Scritta in trincea dal soldato Frederick W. Heath
"Come potevamo resistere dall’augurarci buon Natale, anche se subito dopo
ci saremmo di nuovo saltati alla gola? Così è cominciato un fitto dialogo con i
tedeschi, le mani sempre pronte sui fucili. Sangue e pace, odio e fratellanza:
il più strano paradosso della guerra. La notte si vestiva d’alba –
una notte allietata dai canti dei tedeschi, dal cinguettio degli ottavini e
risate e canti di Natale dalle nostre linee. Non è stato sparato un colpo,
eccetto giù alla nostra destra, dov’era al lavoro l’artiglieria francese."
Il regalo più bello
"Non c’era più smania di uccidere, ma solo il desiderio di un pugno di
semplici soldati (e nessuno è tanto semplice quanto un soldato) che nel giorno
di Natale, a ogni costo, si arrivasse a un cessate il fuoco. Ci siamo passati
sigarette e scambiati una quantità di piccoli oggetti. Abbiamo scritto i nostri
nomi e indirizzi sulle cartoline di servizio, per poi scambiarle con quelle dei
tedeschi. Abbiamo strappato i bottoni delle nostre giubbe e avuto in cambio
quelli dell’armata imperiale tedesca. Ma il regalo più bello è stato il pudding
di Natale. Al sol vederlo gli occhi dei tedeschi si sono spalancati in bramosa
meraviglia, e dopo il primo morso erano nostri amici per la vita. Se avessimo
avuto abbastanza pudding di Natale, ogni tedesco nelle trincee di fonte a noi
si sarebbe arreso."
L’assalto
“Se la trincea era dura, l’assalto era un incubo”: la
vita in trincea era dura, rischiosa ma, a confronto dell’assalto,
accettabile. Ti proponiamo alcune brevi considerazioni tratte dall'opera
"Isonzo 1917" di Mario Silvestri:
“Uscire dalla protezione della trincea e lanciarsi nel
vuoto, verso le armi che sputavano fuocosecondo uno schema studiato da mesi; la
sopravvivenza determinata da un fatto puramente statistico: il non
trovarsi sul percorso di una pallottola; una decimazione ripetuta tante volte, che
alla fine di una serie di attacchi solo un piccolo gruppo di superstiti si
guardava smarrito e terrorizzato: questo toccava il limite delle
possibilità di sopportazione dell’uomo normale.

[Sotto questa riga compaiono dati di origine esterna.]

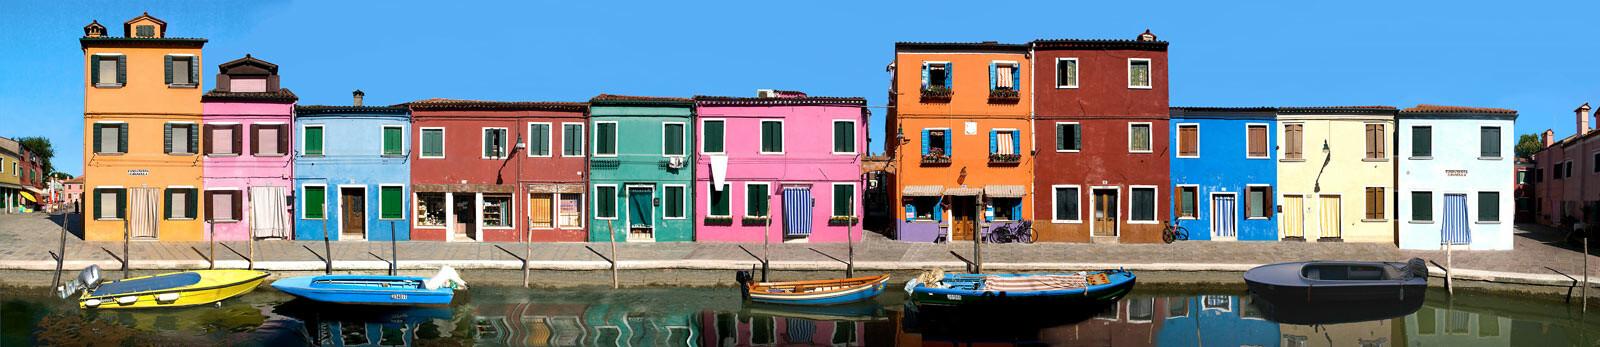 Venice, Burano, Fondamento Caravello - Larry Yust
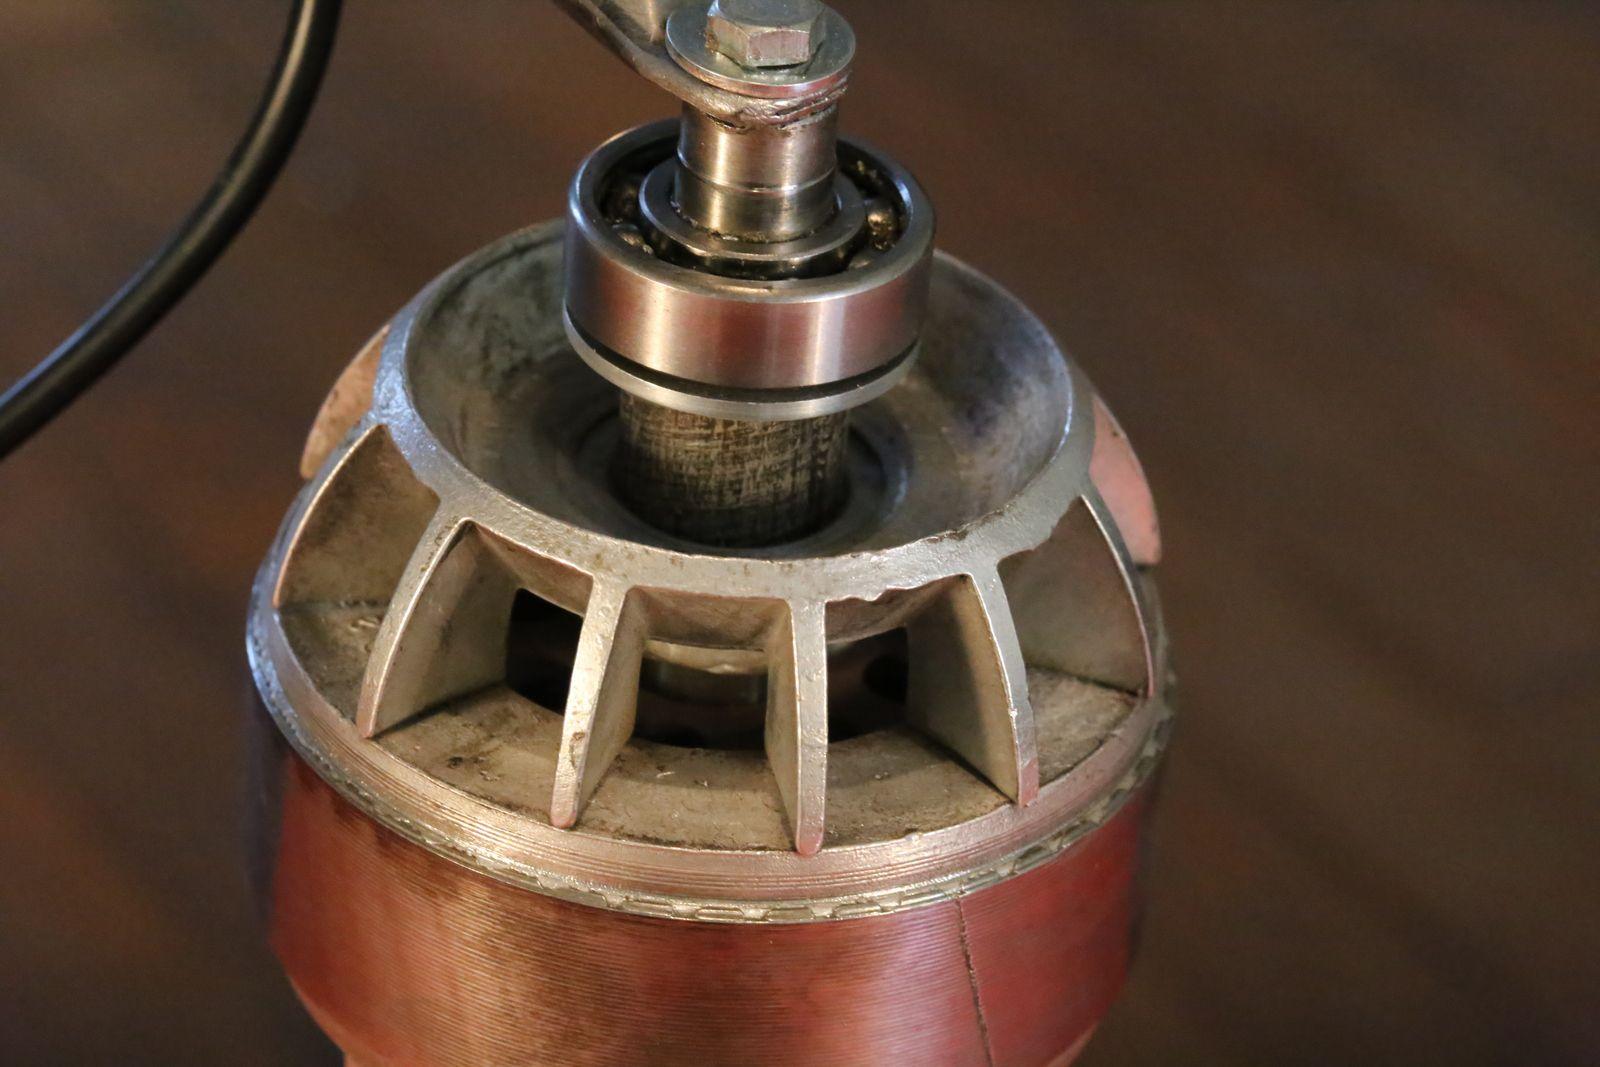 Création d'une lampe unique avec d'anciens objet de récupération : parabole de chauffage Calor, moteur électrique, axe de roue de voiture

Ogni volta che un essere umano era sottoposto ad una
simile prova, perdeva una parte della sua personalità, una parte della
capacità di intendere e di volere. Dopo un certo numero di queste
esperienze il giovane combattente era trasformato in un essere psichicamente
malato.
Si diedero casi di suicidio, per la paura di dover andare
all’assalto. La pazzia improvvisa era tutt’altro che infrequente."
“Non avevo mai visto tanta rovina”
Mamma carissima, pochi minuti prima di andare all’assalto
ti invio il mio pensiero affettuosissimo. Un fuoco infernale di artiglieria e di
bombarde sconvolge nel momento che ti scrivo tutto il terreno intorno a noi...
Non avevo
mai visto tanta rovina. È terribile, sembra che tutto debba essere inghiottito da un’immensa
fornace. Eppure, col tuo aiuto, coll’aiuto di Dio, da te fervidamente pregato, il mio
animo è sereno. Farò il mio dovere fino all’ultimo.